During Cluster Volume Manager (CVM) master takeover, all shared diskgroups undergo a re-import. Volume Manager (VxVM) disables all shared diskgroups (dgdisable) when a single shared diskgroup fails to import. It also results in the corresponding node (new master) leaving the cluster.
NOTE: If the cause of the diskgroup import failure is common to all nodes in the cluster - this can result in cascading master takeover failures resulting in cluster-wide failure.
Ex:3 -node cluster : nodeA, nodeB & nodeC with shared diskgroups dgA & dgB
-nodeA is shutdown
-nodeB master takeover is attempted
-In nodeB, during re-import if import of shared diskgroup dgA fails with the below error messages then all the shared diskgroups will be disabled and nodeB is evicted.
vxvm:vxconfigd: [ID 702911 daemon.warning] V-5-1-16066 da_dg_reimport: disk <disk id> not found
vxvm:vxconfigd: [ID 702911 daemon.error] V-5-1-0 dg_import_master: failed to import dg <diskgroup> , error 183
vxvm:vxconfigd: [ID 702911 daemon.error] V-5-1-0 master_takeover: error in disk group reimport: Disk for disk group not found, errno 0
- Like nodeB, noeC will encounter the same scenario and will be evicted resulting in total cluser outage.

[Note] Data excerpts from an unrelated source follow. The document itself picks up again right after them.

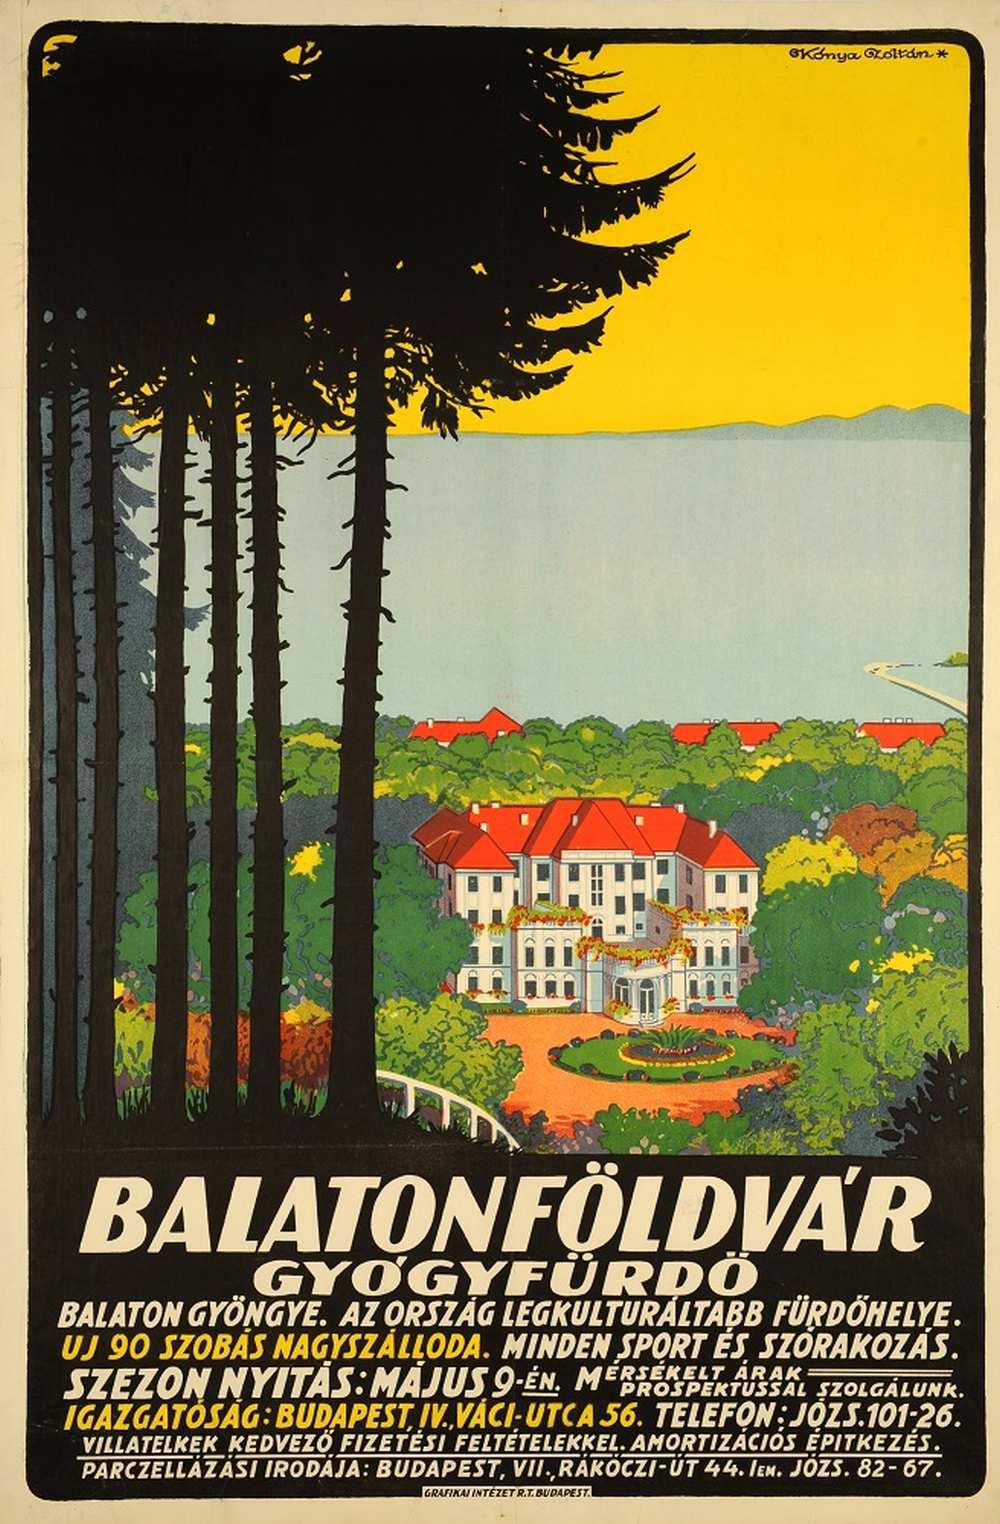 Kónya Zoltán: Balatonföldvár gyógyfürdő (1926). Jelzet: PKG.1926/383 – Térkép-, Plakát- és Kisnyomtatványtár http://nektar.oszk.hu/hu/manifestation/2779928
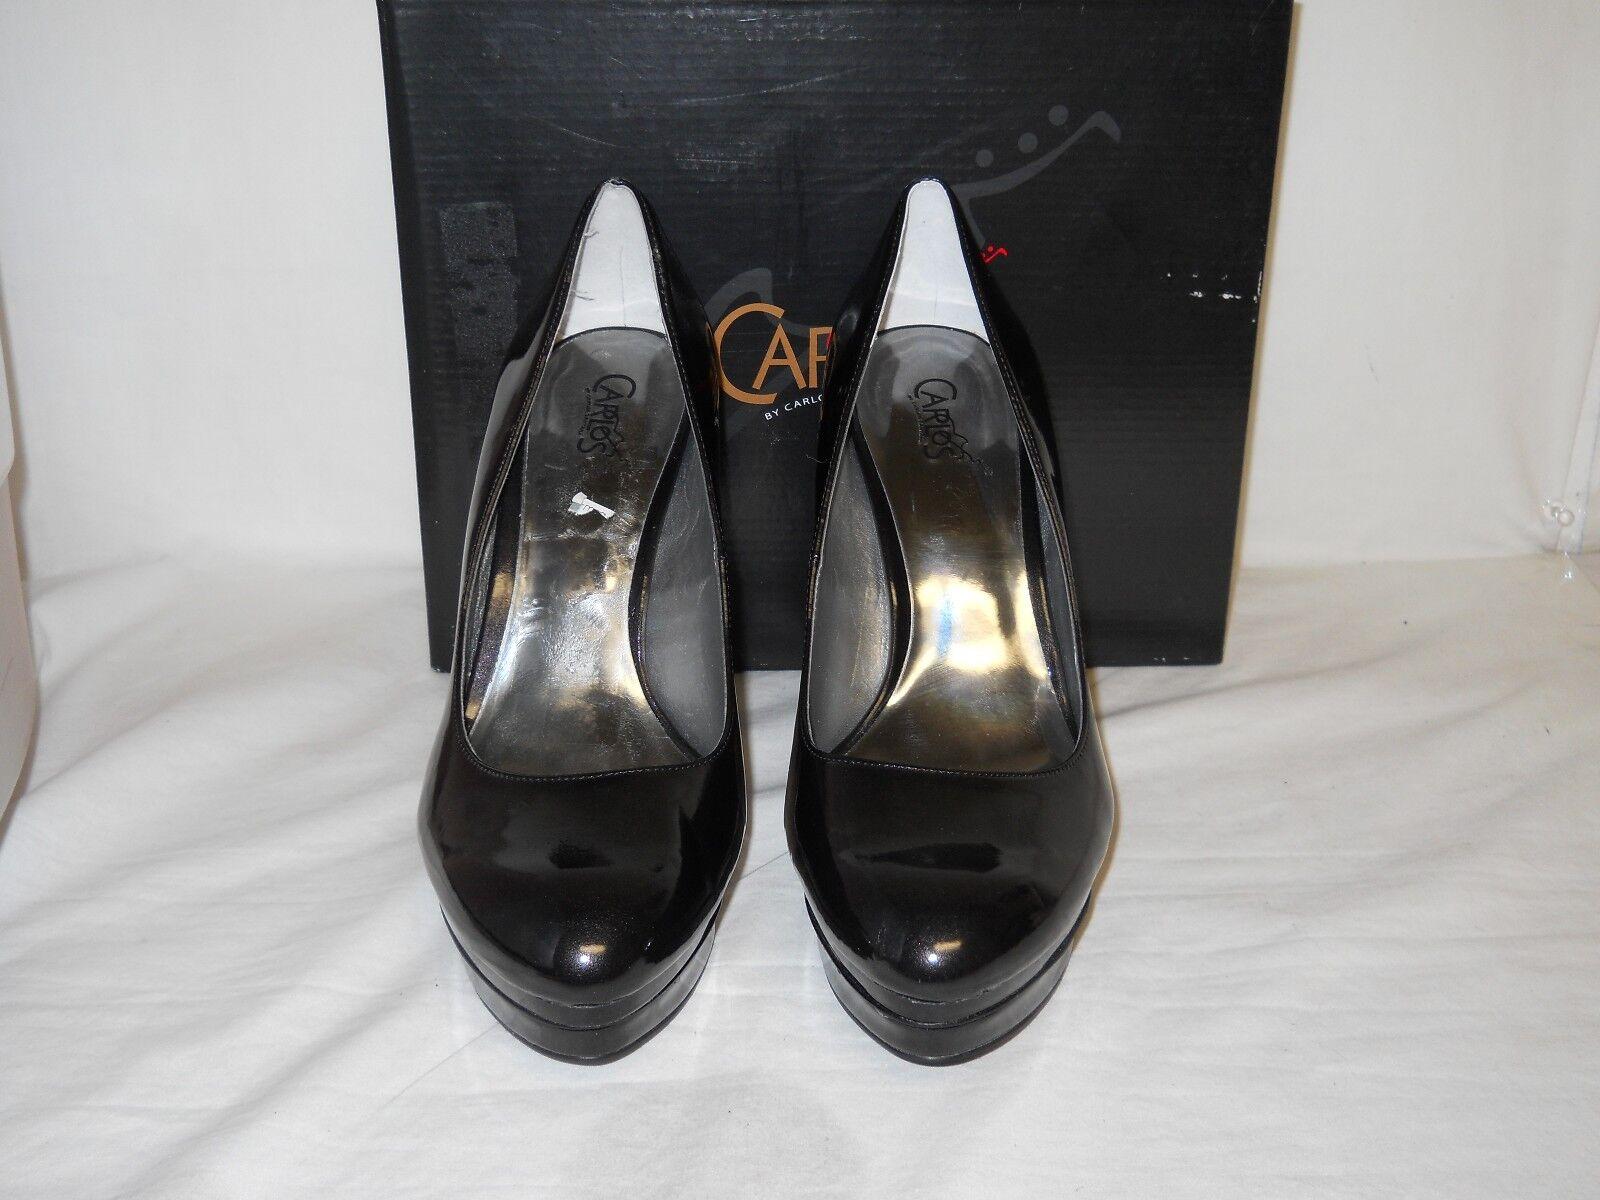 Carlos Santana New Womens Black Black Black Vintage Patent Platform Heels 9 M shoes NWB 433b94
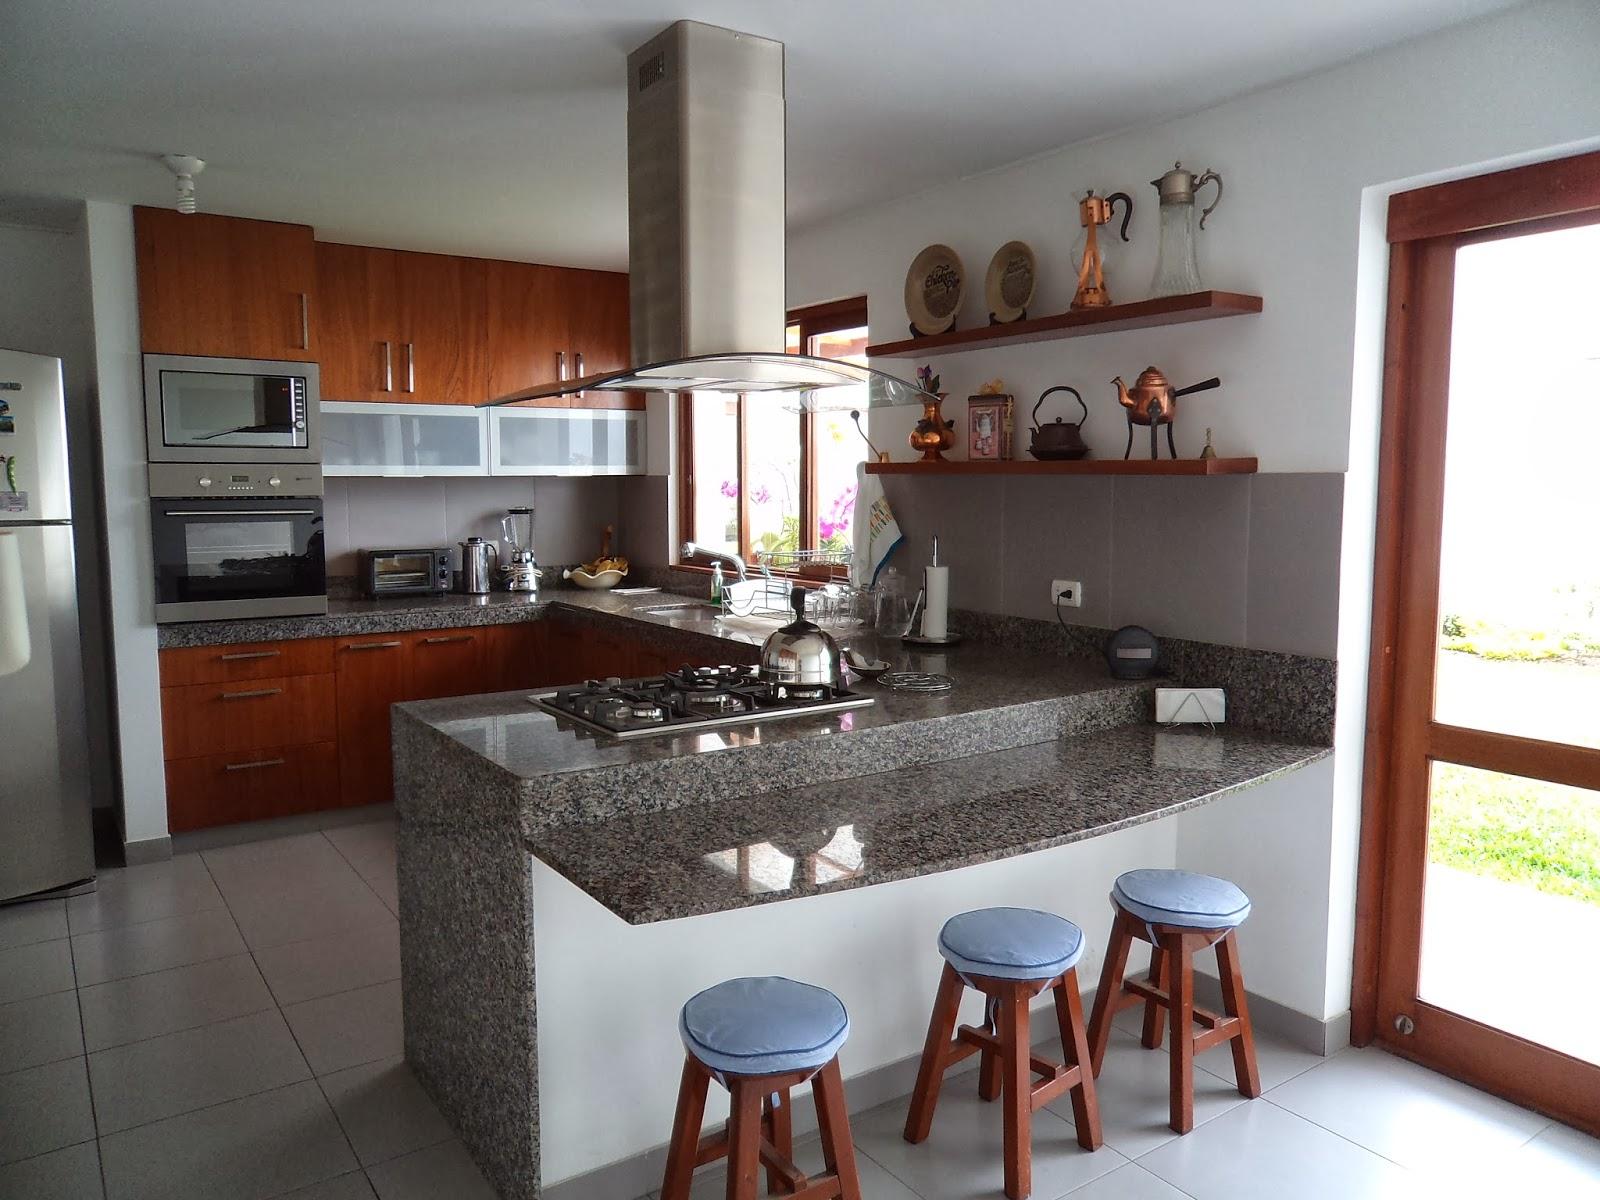 Oniria dise o y ejecuci n de cocinas for Remodelacion de casas pequenas
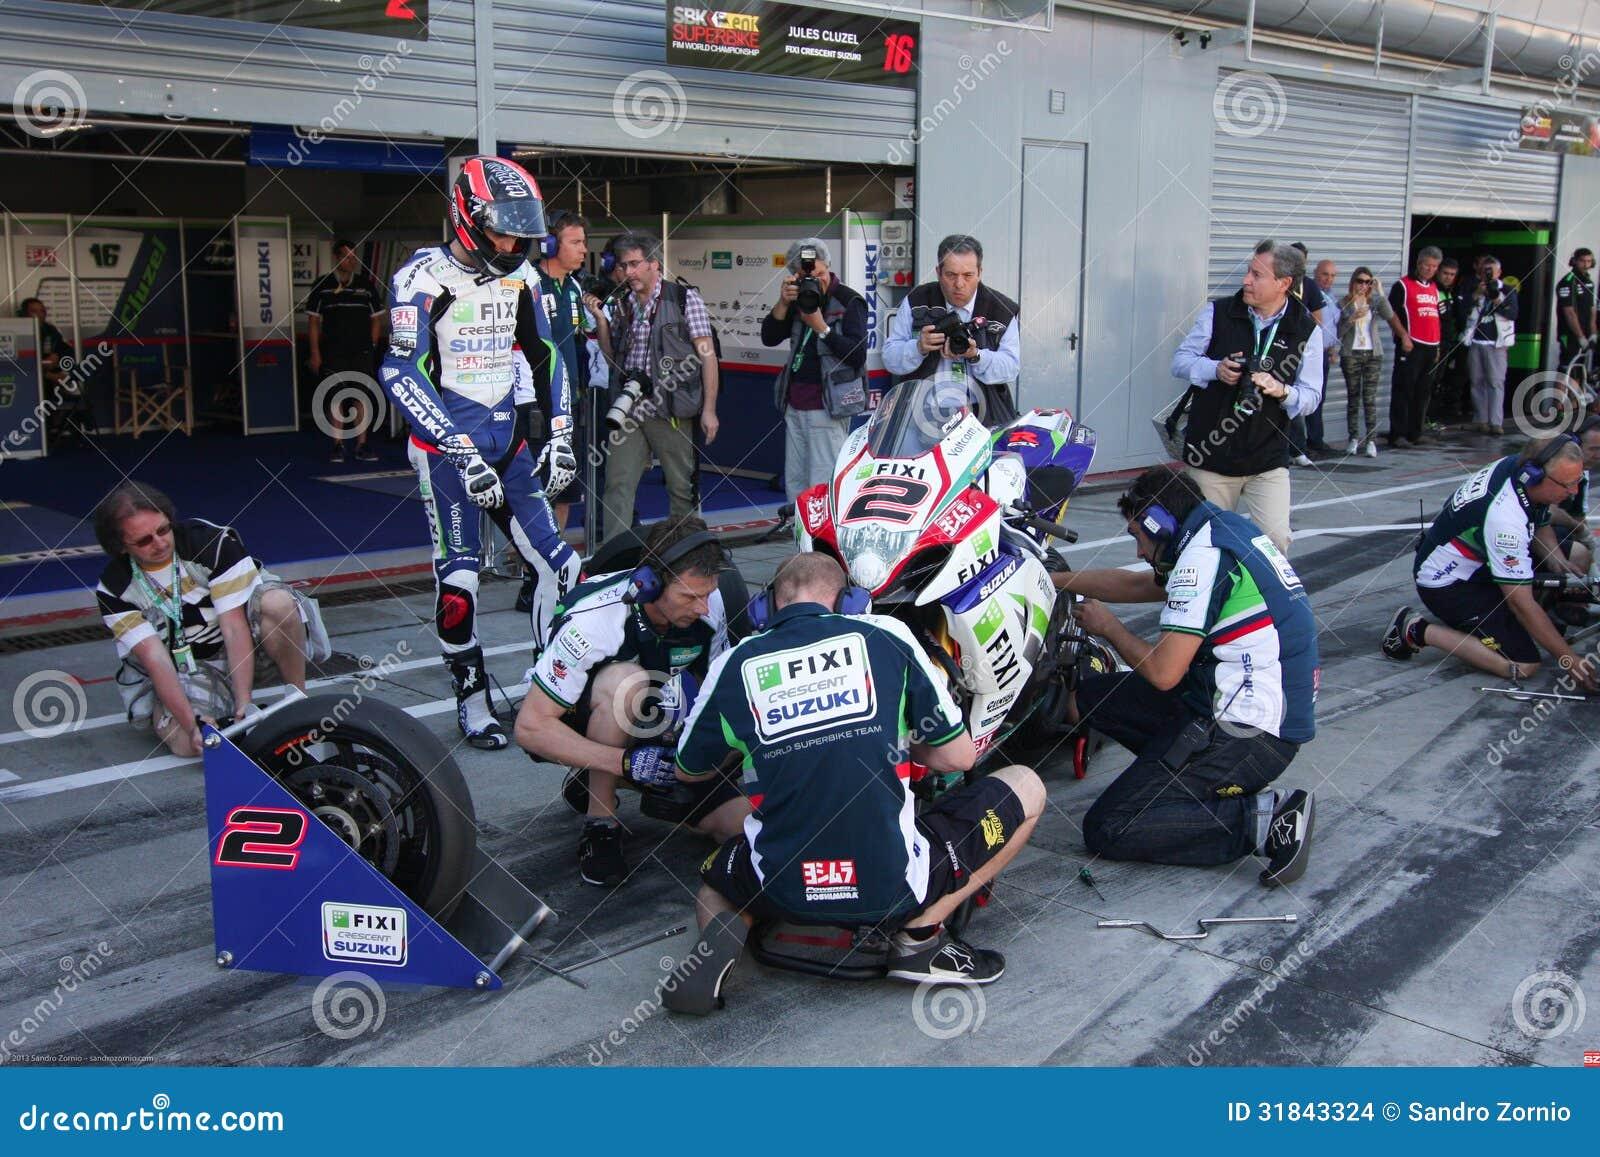 Pit Stop with Mechanical working on Suzuki GSX-R1000 Team Fixi Crescent Suzuki Superbike WSBK

Aug 11 22:38:35 hostname vxvm:vxconfigd: [ID 702911 daemon.error] V-5-1-7934 Disk group dgname1: Disabled by errors
Aug 11 22:38:35 hostname vxvm:vxconfigd: [ID 702911 daemon.error] V-5-1-7934 Disk group dgname2: Disabled by errors
The code path traversed during CVM master takeover exposed a bug that resulted in all shared diskgroups being disabled due to a single shared diskgroup's failure to import.
Code changes were made to disable only the specific shared diskgroup that experienced the failure. Re-import will skip the failed diskgroup and continue importing the rest of shared diskgroups thus preventing node eviction from the cluster.
FIX INTEGRATED IN THE FOLLOWING PATCH(es)/VERSIONS:
Patch links for SFHA 5.1SP1RP3
PLATFORMS: ALL : Solaris, HPUX, LINUX & AIX
VxVM versions: 5.0.x ; 5.1.x & 6.0.x